# Part 2 - The hidden layer

Welcome to Part 2!

Here, we'll implement a neural network with 2 layers (a hidden and output layer), and talk about feedforward and backpropagation. We'll take advantage of Numpy, a library that provides fast alternatives to math operations in Python and is designed to work efficiently with groups of numbers - like matrices.

## Index

- [Multi-layer perceptron](#multi-layer-perceptron)
- [The weights](#the-weigts)
- [Feedforward](#feedforward)
  - The hidden layer
  - The output layer
- Backpropagation
  - Caculating the error
  - Learning
- Full implementation in a real case

## Multi-layer perceptron <a id='multi-layer-perceptron'></a>

In [Part 1](Part1.ipynb) we implemented the simplest neural network - a perceptron. This neural network doesn't have a hidden layer so it can't help us to find predictions to complex problems.

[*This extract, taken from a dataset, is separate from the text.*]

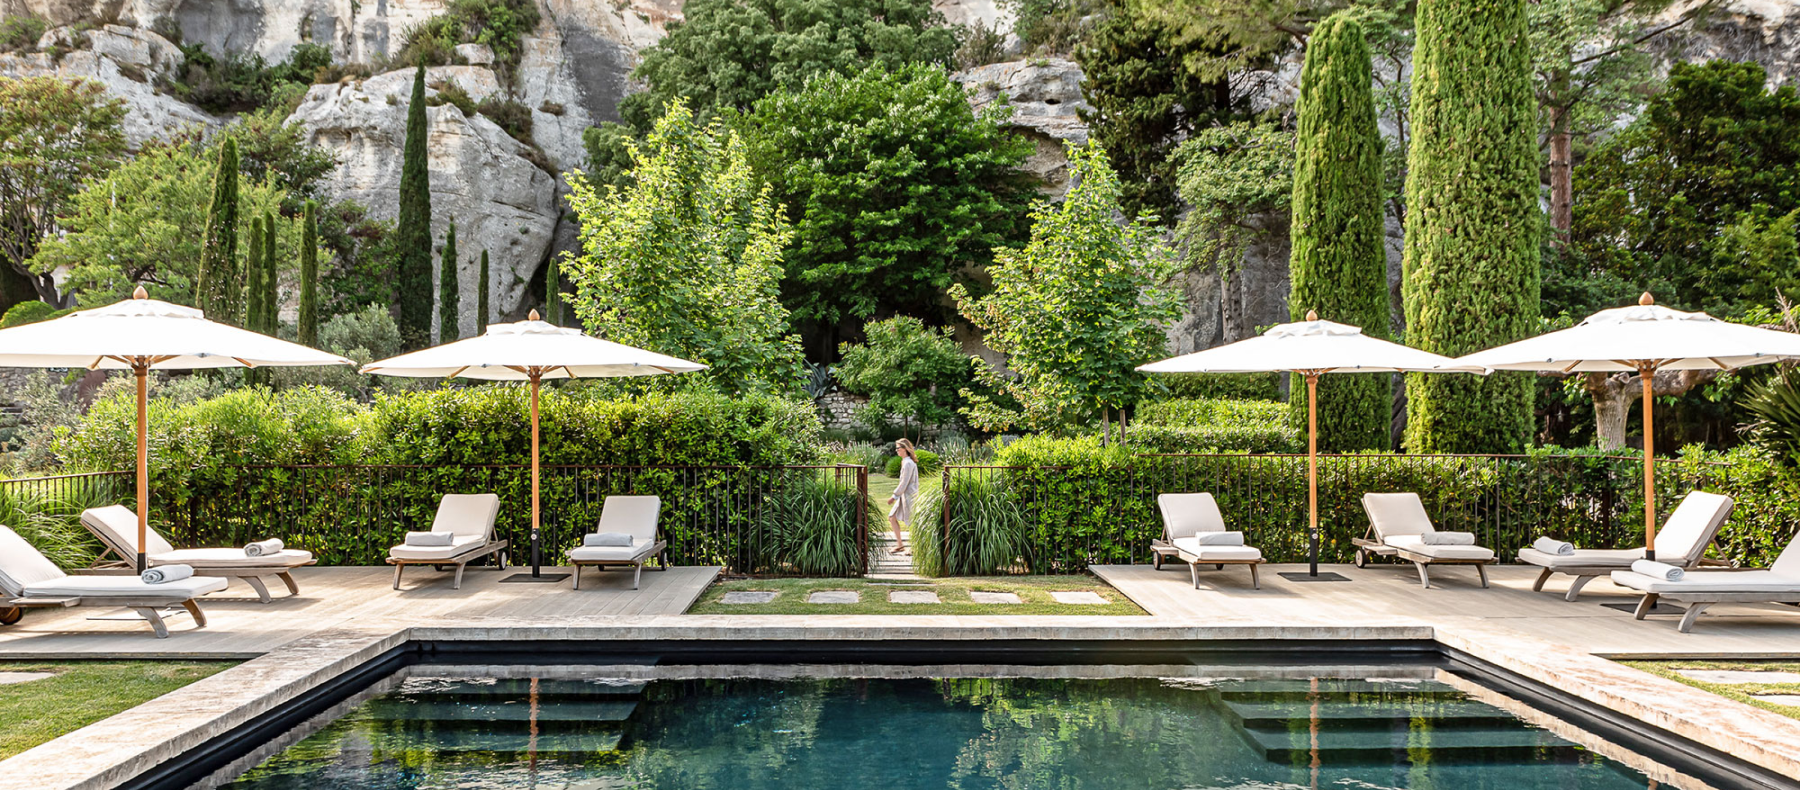 A serene oasis awaits, with a crystal-clear pool embraced by elegant lawn chairs and umbrellas.

When we combine perceptrons so that the output of one becomes the input of another one, we form a multi-layer perceptron or a neural network.

Neural networks have a certain special architecture with layers:

![Neural network](img/part2/1.png)

- **Input layer:** contains the inputs $x_1$, $x_2$, $...$, $x_n$, $1$.
- **Hidden layer:** set of linear models created with the first input layer.
- **Output layer:** where the linear models get combined to obtain a nonlinear model.

Now, not all neural networks look like the one above. They can be way more complicated. In particular, we can do the following things:
- Add more nodes to the input, hidden and output layers.
- Add more layers.

The following image shows the network with which we will work, with its input units, labeled $x_1$, $x_2$, and $x_3$, its hidden nodes labeled $h_1$ and $h_2$, and all of the weights between the input layer and the hidden layer, labeled with their appropriate $w_{ij}$ indices:

![Neural network for this exercise](img/part2/2.png)

## The weigts <a id='the-weigts'></a>

The weights need to be stored in a **matrix**, indexed as $w_{ij}$. Each **row** in the matrix will correspond to the weights **leading out** of a **single input unit**, and each **column** will correspond to the weights **leading in** to a **single hidden unit**.

For our three input units and two hidden units, the weights matrix looks like this:

![Weights matrix](img/part2/3.png)

To initialize these weights in Numpy, we have to provide the shape of the matrix. If `features` is a 2D array containing the input data:

In [1]:
import numpy as np

# Use to same seed to make debugging easier
np.random.seed(21)

features = np.array([
    [1, 2, 3], 
    [4, 5, 6]])

# Number of records and input units
n_records, n_inputs = features.shape

# Input to hidden weights
n_hidden = 2
weights_input_to_hidden = np.random.normal(0, n_inputs**-0.5, size=(n_inputs, n_hidden))

# Hidden to output weights
weights_hidden_to_output = np.random.normal(0, n_inputs**-0.5, size=n_hidden)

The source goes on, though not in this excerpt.